Tamar (თამარი; died 1683) was a Georgian princess of the House of Mukhrani who was married, successively, to three sovereigns of western Georgia—Levan III Dadiani, Prince of Mingrelia, then King Bagrat V of Imereti, and finally, George III Gurieli, Prince of Guria. Tamar's marriages were part of political intrigues and accompanying wife swaps characteristic for the Georgian history of that century.
== Family background and first marriage ==
Tamar was a daughter of Constantine I, Prince of Mukhrani, by his wife Darejan, daughter of Prince Ghuana Abashidze. She was, thus, a brotherly niece of King Vakhtang V of Kartli. Both eyewitnesses, such as the French traveler Jean Chardin, and historians, such as the 18th-century royal Prince Vakhushti, characterize Tamar as being exceptionally beautiful as well as passionate and seductive.
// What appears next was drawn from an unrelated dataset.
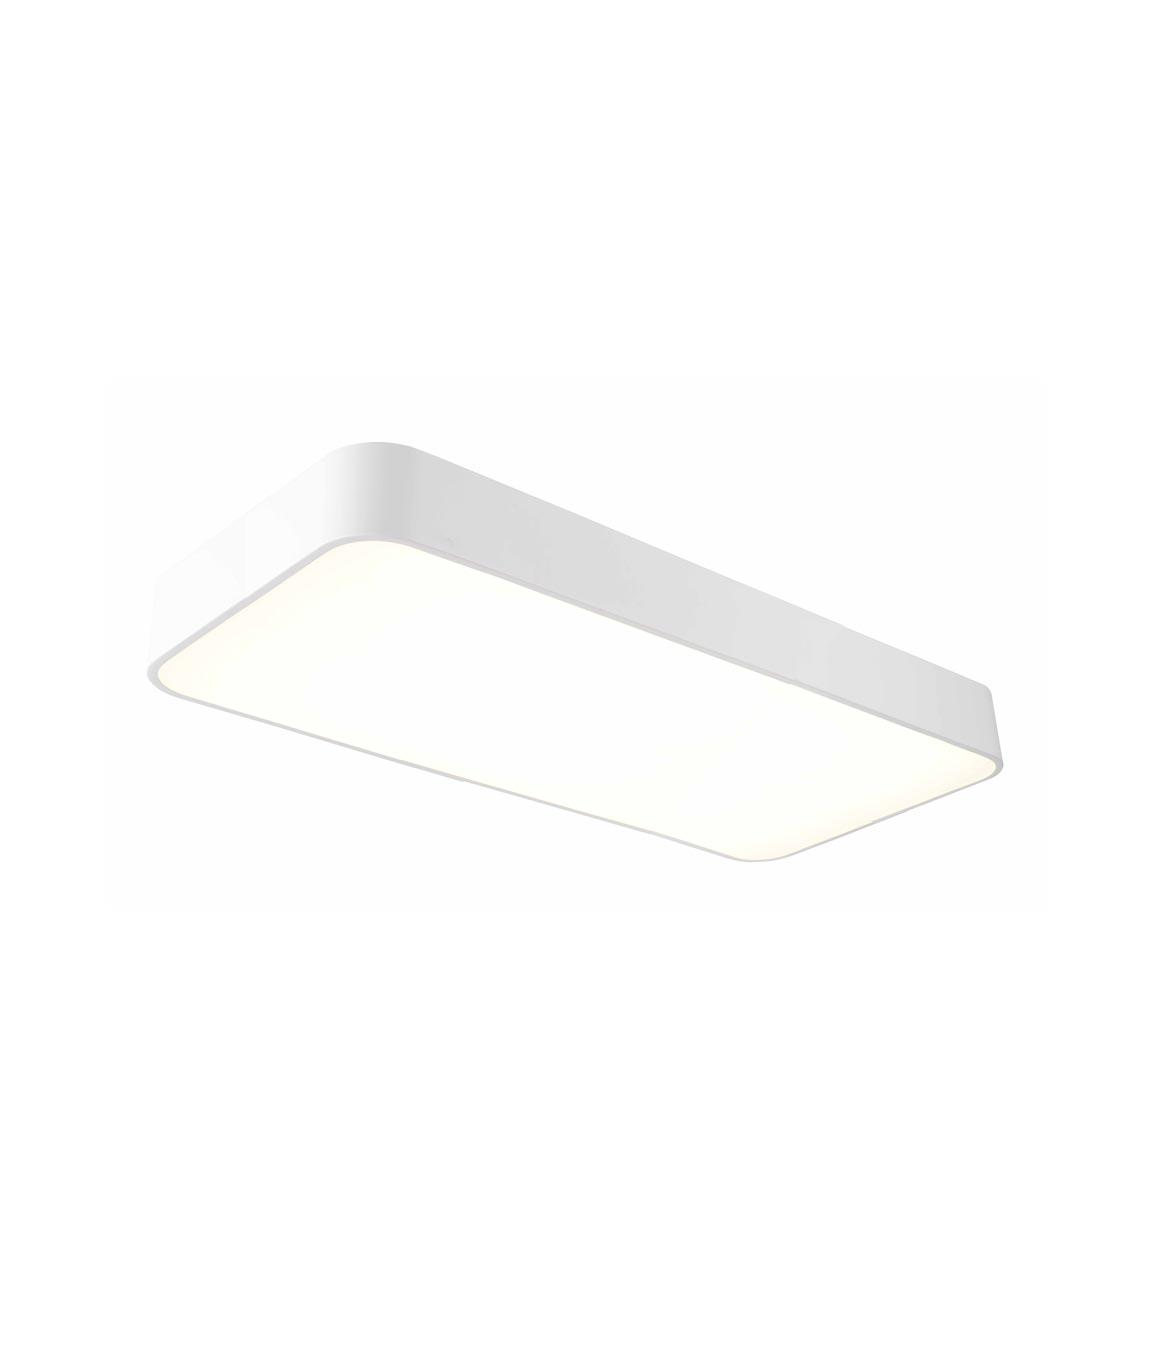 Plafón rectangular pequeño CUMBUCO blanco

Tamar's first marriage was occasioned by a military campaign of her uncle, Vakhtang V, into the western Georgian polities in the course of which, in 1661, he replaced King Bagrat V of Imereti with his own son, Archil II, and Vameq III Dadiani, Prince of Mingrelia, with his protégé, Levan III Dadiani. Levan was given Tamar in marriage, but the couple became soon estranged from each other. Although Levan was in love with his wife, neither him nor Tamar was faithful.
== Second marriage ==
The union was terminated after Levan's adventurous attack on Bagrat V upon his restoration in Imereti, in 1663, ended in disaster. Levan was captured and imprisoned in the Imeretian capital of Kutaisi. Bagrat V, who had earlier been blinded by his imperious stepmother Darejan, was married to Tamar's elder sister Tatia. A chain of intrigues ensued. The Imeretian courtiers induced Bagrat's sister, Tinatin, to seduce and marry the captive Mingrelian prince Levan, while Bagrat was convinced to discard Tatia and marry her more beautiful sister, Tamar. Simon, Catholicos of the Imeretian church, granted two divorces on the same day. Levan was set free, but he was still in love with Tamar and his enmity with Bagrat perpetuated. In 1678, Vakhtang's son Archil again expelled Bagrat from Kutaisi, forcing Tamar into flight to the Skande castle where she was captured and sent back to Levan in Mingrelia. Next year, Bagrat reconquered Imereti with the Ottoman troops, then raided Mingrelia and retook his wife. Despite this, Bagrat had to tolerate Tamar's adultery. The Frenchman Chardin, who dined with Tamar in Kutaisi in 1670, was shocked by her flagrant affair with the bishop of Gelati. Bagrat himself joked to Chardin that in Imereti every bishop had nine wives, "not counting those of his neighbors".

== Third marriage and death ==
Bagrat and Tamar had three children, a son and two daughters. One of their daughters, Darejan, was married off to George III Gurieli, Prince of Guria, who had an eye both on Tamar and the throne of Imereti. According to Prince Vakhushti, Giorgi was "querulous, godless, bloodthirsty, and a merciless slave-trader". When Bagrat died in 1681, George III Gurieli seized the throne of Imereti, divorced his child-bride Darejan and married his own mother-in-law, the queen dowager Tamar. Tamar died two years later, probably in childbirth, and George Gurieli, abhorred by the Imeretians, was overthrown and killed in an attempt to reconquer Kutaisi in 1684.